Paper Reading #20:The aligned rank transform for nonparametric factorial analyses using only anova procedures

References
Jacob O. Wobbrock, Leah Findlater, Darren Gergle, and James J. Higgins "Reflexivity in digital anthropology". UIST '11 Proceedings of the 23rd annual ACM symposium on User interface software and technology.  ACM New York, NY, USA ©2011.

 Author Bios
Jacob Wobbrock is an associate professor in the Information School at the University of Washington.  He directs the AIM Research Group which is part of the DUB Group.

Leah Findlater is currently a professor at the University of Washington.

Darren Gergle is an associate professor at the Northwestern University School of Communication.
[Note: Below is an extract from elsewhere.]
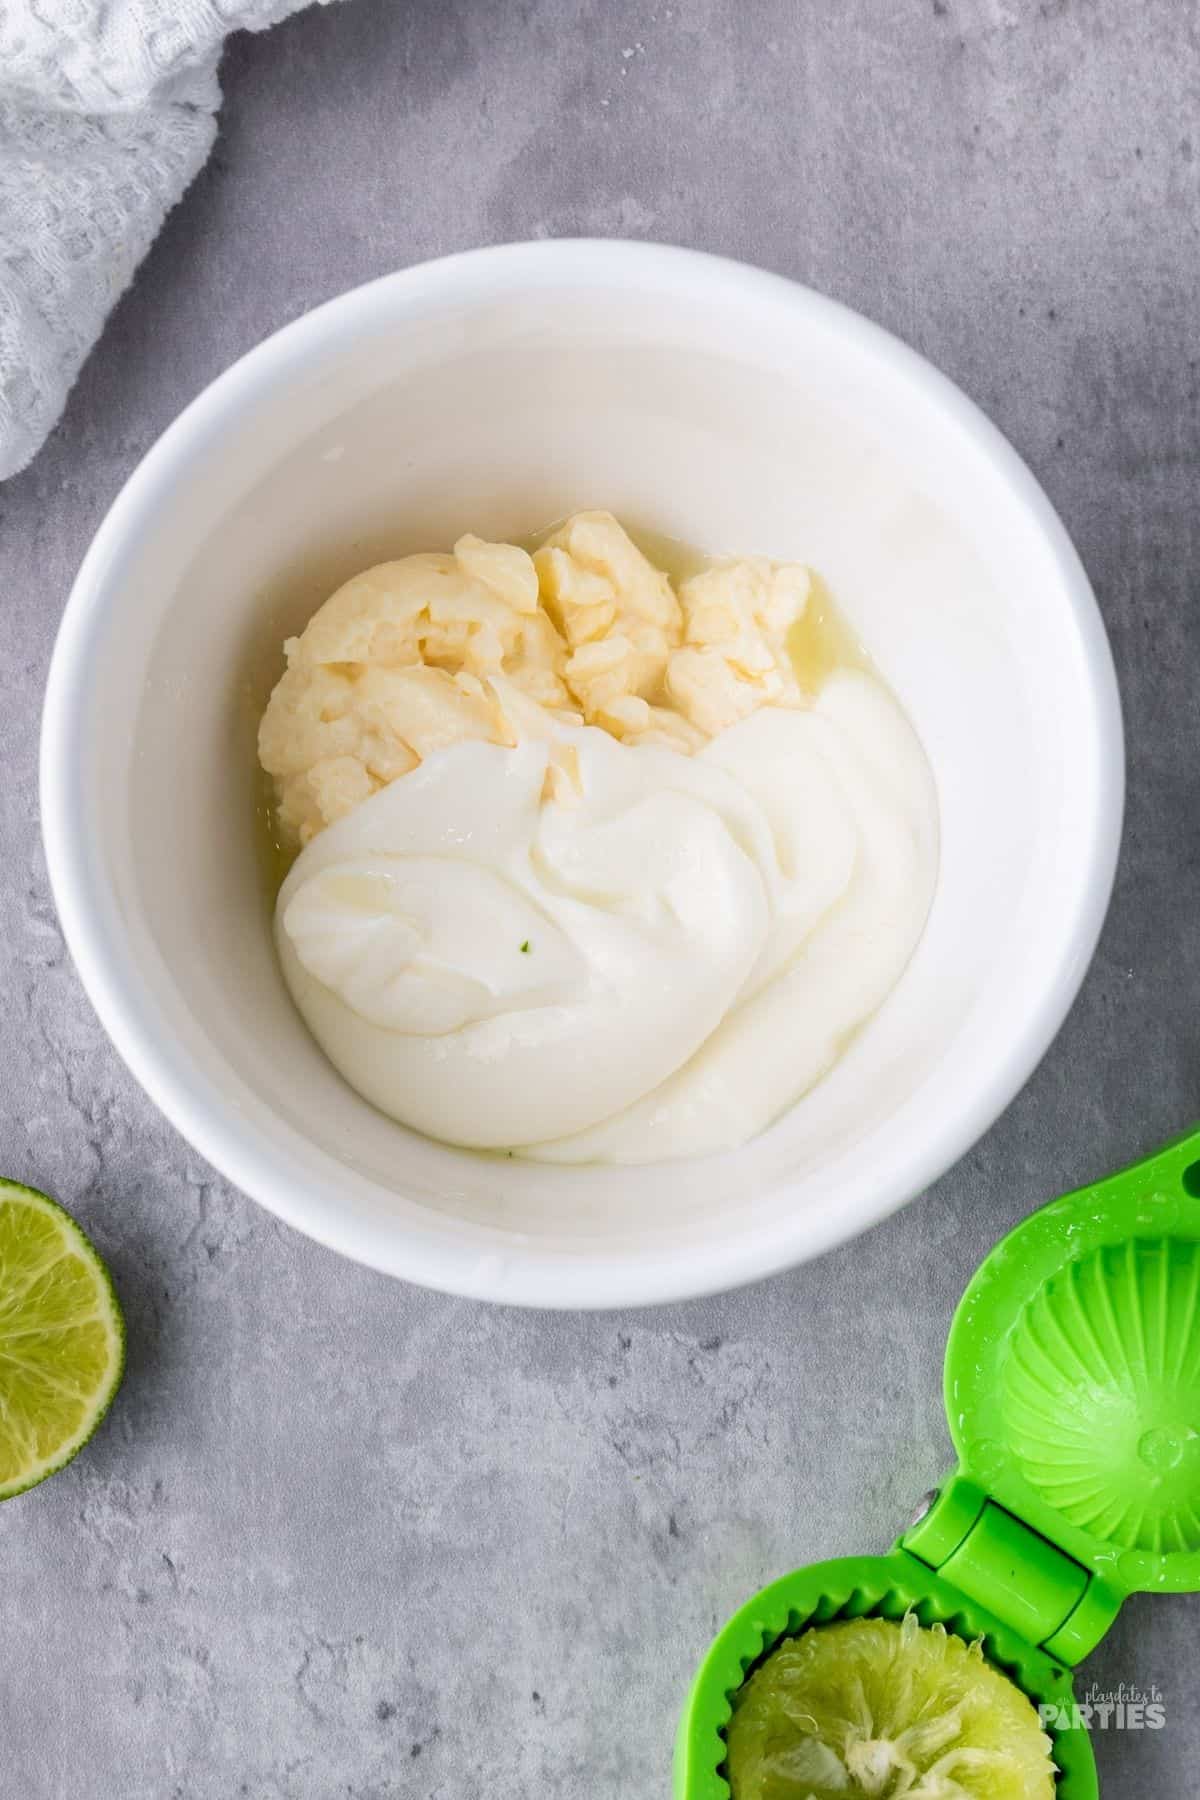 Mixing crema, mayonnaise, lime juice in a small bowl.

James Higgins is a professor in the Department of Statistics at Kansas State Unversity. 

Summary 
  • Hypothesis - The researchers hypothesized that modifying the Aligned Rank Transform to support an arbitrary number of factors would be useful for researchers in analyzing data.
  • Method - The researchers developed the method for the expanded ART and then created a desktop tool (ARTool) and a Java-based verson (ARTWeb). After creating these tools the researchers analyzed three sets of previously published data. This analysis allowed them to show the effectiveness and usability of their software.
  • Results - The results were positive. Reexamining old studies showed data that had not shown up before. For one of them, data was found that was unexaminable by a Friedman test. The second case showed how the new system can free analysts from assuming distributions of ANOVA. The last was run using the nonparametric ART method, new information was revealed.
  • Content - The authors presented their Aligned Rank Transform (ART) tool, which is useful for nonparametric analysis of factorial experiments. They discuss the process in detail, and show three examples of how it is useful and where it is applicable. It is shown that this tool can show some relationships between variables that cannot be seen with other analyses.
 Discussion
Honestly, this paper went way over my head. It did seem obvious to me, however, that the authors were able to effectively support their hypothesis and were able to create a very useful tool for analysts. The amount of information analysts gets out of data greatly affects their ability to extrapolate. I thought their examples were well chosen and explained well (even on a broad spectrum) how the ART system can produce more specific and more accurate results.